The query above will only show data for matching records. In the books table there are some titles that don't have a matching record in the inventory table (i.e., there's none in inventory). Suppose there is going to be a Samuel Becket festival in the area. To prepare, the store's buyer wants a list of all Becket plays and their quantities at each location to decide on what he needs to order. He also wants titles for which there is no inventory. The LEFT JOIN operator of the FROM clause will work. The statement below will list at least one record for each now found in books, regardless of whether there is a matching record in inventory:
SELECT title,
IFNULL(location, '') AS location,
IFNULL(quantity, 0) AS quantity
FROM books
LEFT JOIN inventory
ON books.item_no=inventory.item_no
WHERE author LIKE '%Becket'
AND lit_form='play';
Notice that the FROM format has changed. Also, the linking point is now part of the FROM clause and not the WHERE clause.
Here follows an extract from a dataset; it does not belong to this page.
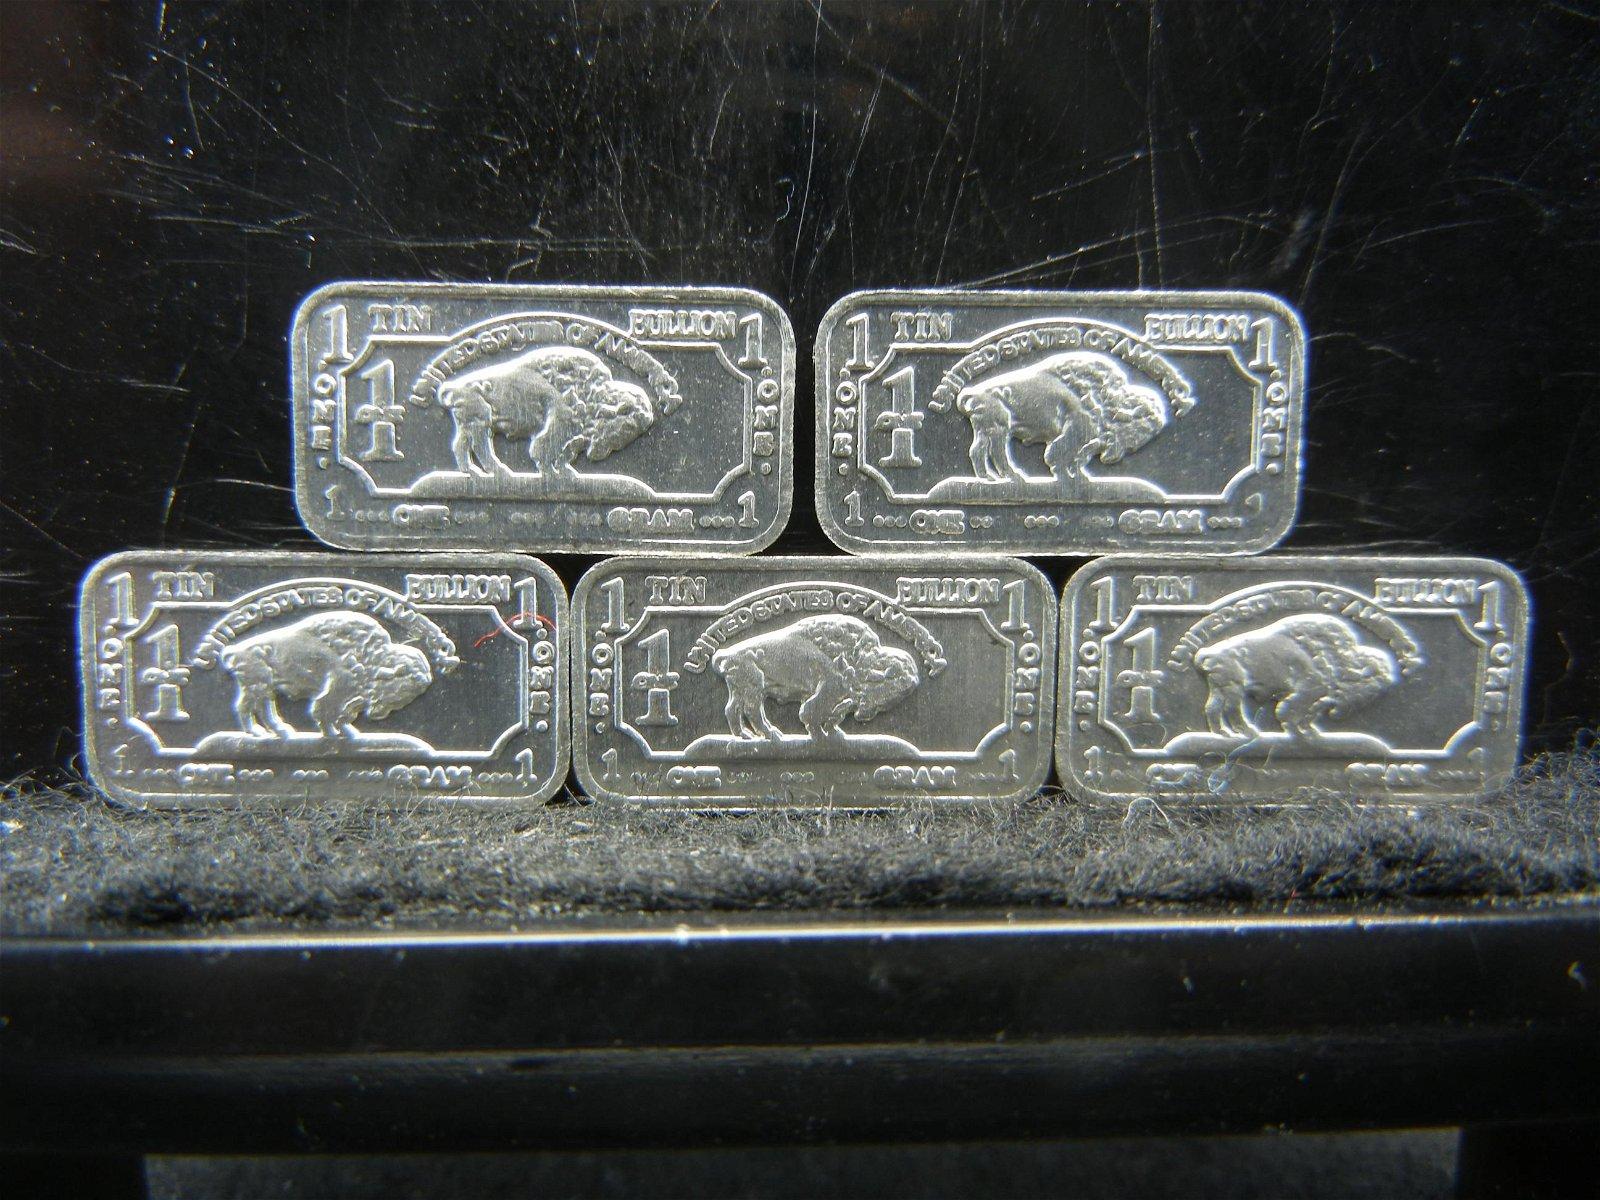 5 One Gram Tin Bullion Bars

Let's add another table to our scenario: A couple of the stores are located next to small colleges that don't have campus bookstores. Instead, these colleges have arrangements with our neighboring bookstores to carry their text books. Text books require different information to be tracked. Therefore, there is a separate table for text books (i.e., text_books). Suppose the buyer wants to get a listing of all C.S. Lewis books from both books and text_books. C.S. Lewis has written popular fiction books, as well as literary criticisms and other texts used in college courses. To accomplish the request, UNION (available starting in MySQL version 4.0.) could be used to combine the result sets of two SELECT statements:
SELECT item_no, title, course_no
FROM text_books
WHERE author='C.S. Lewis'
UNION
SELECT item_no, title, 'Non-Text Book'
FROM books
WHERE author='C.S. Lewis'
ORDER BY title;
Since the books table doesn't have a course_no column, alternative text is provided to plug-in the column and to indicate why it's not applicable. The column counts have to equal. Also, the ORDER clause can only refer to a column named in the first SELECT statement. Basically, the combined result set will be sorted based on the column named.
Selective Reproduction
Sometimes one needs to populate a table from another table. This can occur when a developer realizes that a table should be split into two separate tables. This also can happen when one has a temporary table containing imported data and only some columns need to be disbursed into existing tables. For situations like these, an INSERT INTO...SELECT statement works rather nicely.
Suppose a publisher has given the bookstore a file listing books that they've recently published. Importing from an external file is beyond this article. Therefore, assuming it was successfully done, the temporary table has some columns to be copied over into the books table. The SQL statement below will make quick work of extracting the data:
INSERT INTO books
(isbn, title, author, lit_form)
SELECT ISBN_Nbr, Title,
CONCAT(Author_First, ' ', Author_Last), GENRE
FROM tmp_newbooks;
Notice that the SELECT statement overlaps the INSERT statement to accomplish the task.
Conclusion
The possibilities for SELECT are pretty extensive. I do a good bit of Perl programming with MySQL. In so doing, I have found that better SQL statements can lead to tighter Perl code. I've eliminated many lines of Perl code in scripts by just being more selective with MySQL statements. Learning all that can be done with SELECT is the first step to more powerful use of MySQL.
[/code:1] |
|